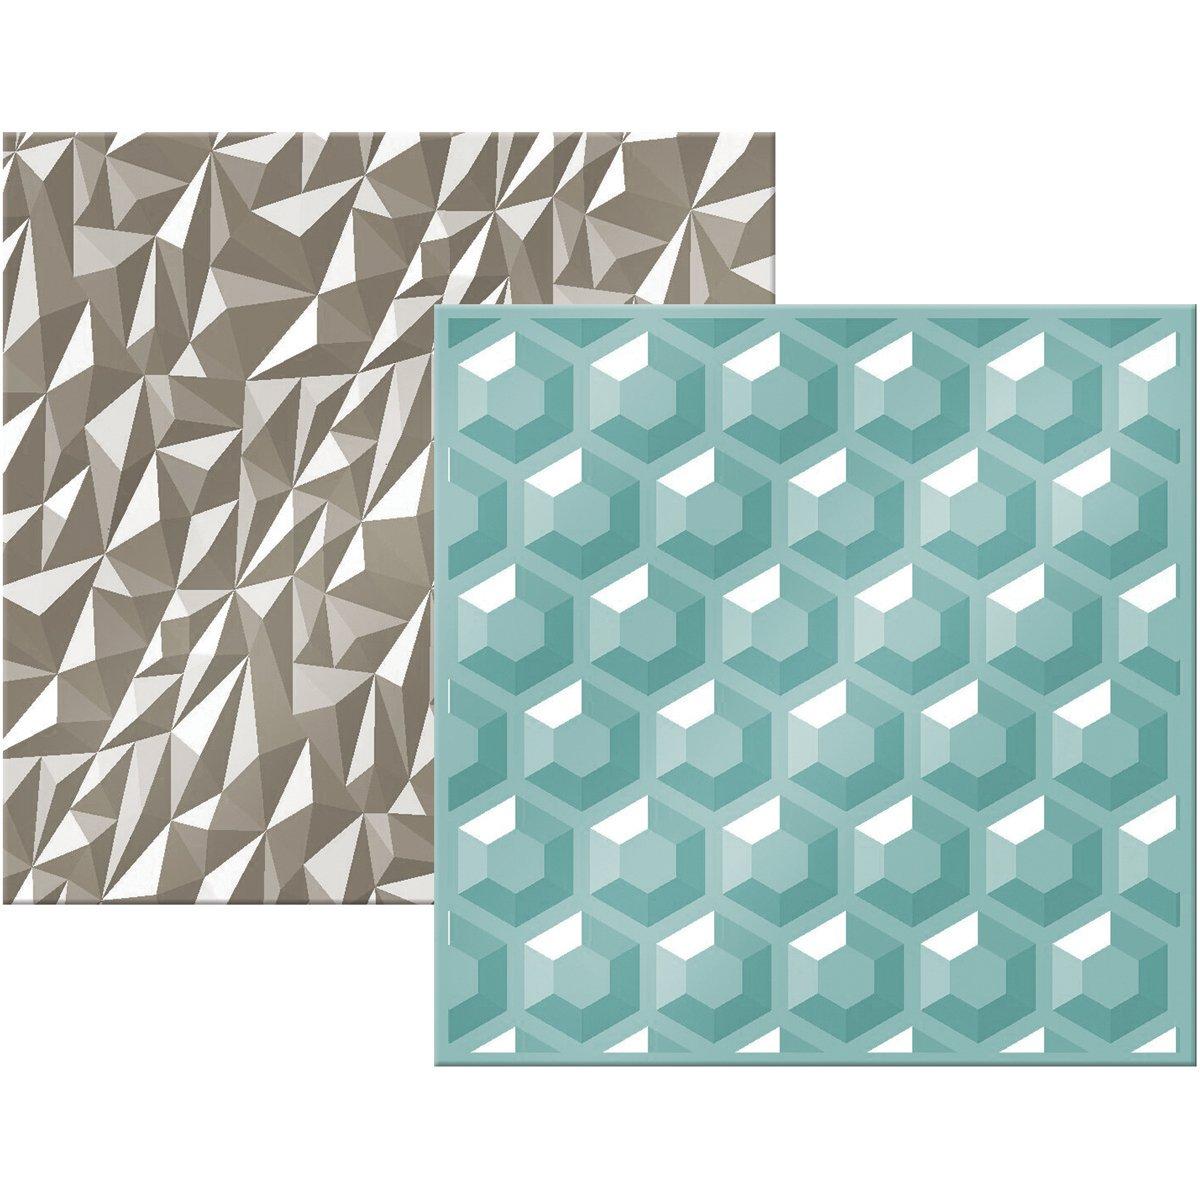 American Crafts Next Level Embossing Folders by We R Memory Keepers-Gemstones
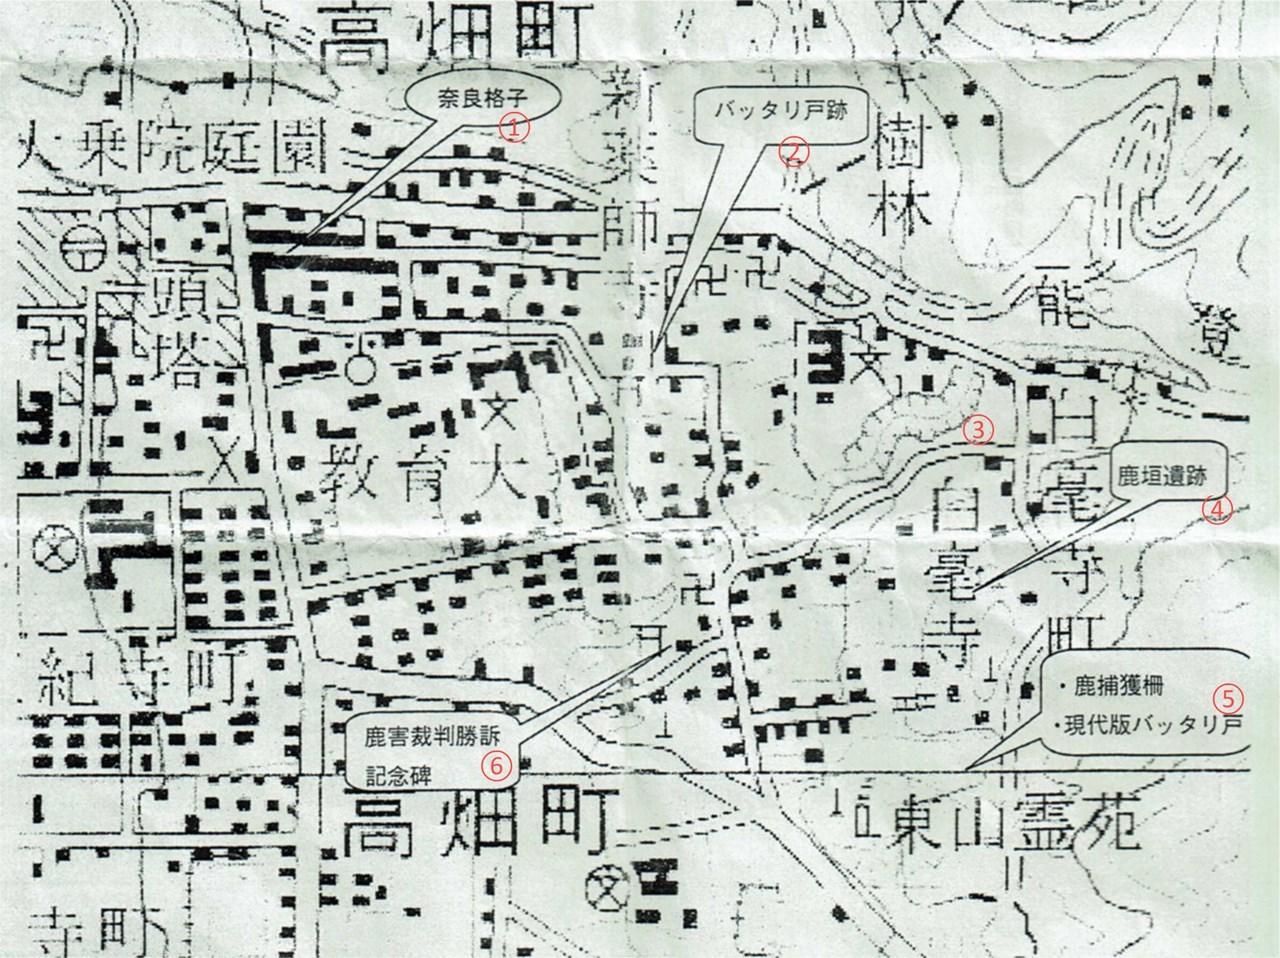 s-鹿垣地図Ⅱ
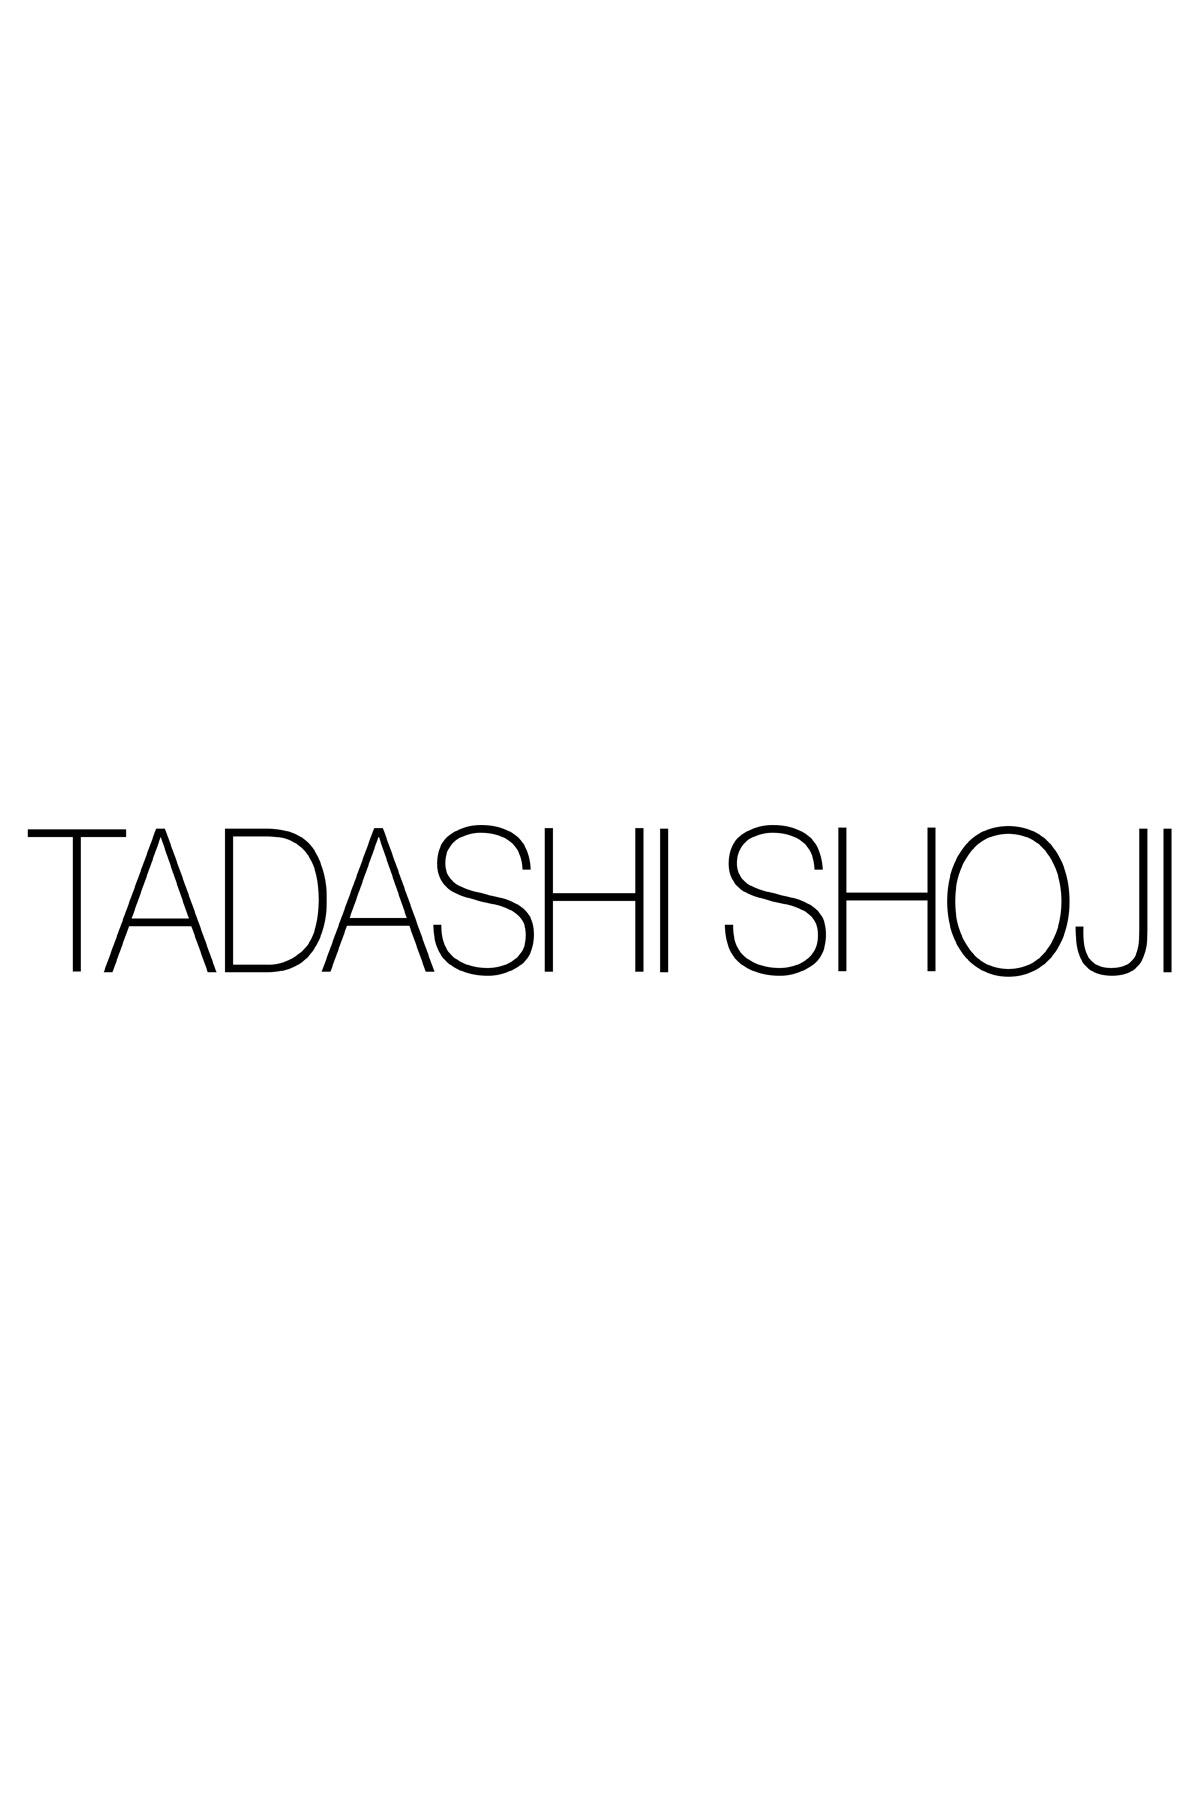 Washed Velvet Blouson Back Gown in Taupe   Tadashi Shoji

=-=-=-=-=

* WHAT IS EXPECTED
What you return must match the data above exactly, with no images included.

* ANSWER SPACE
 American Crafts Next Level Embossing Folders by We R Memory Keepers-Gemstones
 s-鹿垣地図Ⅱ
 Washed Velvet Blouson Back Gown in Taupe   Tadashi Shoji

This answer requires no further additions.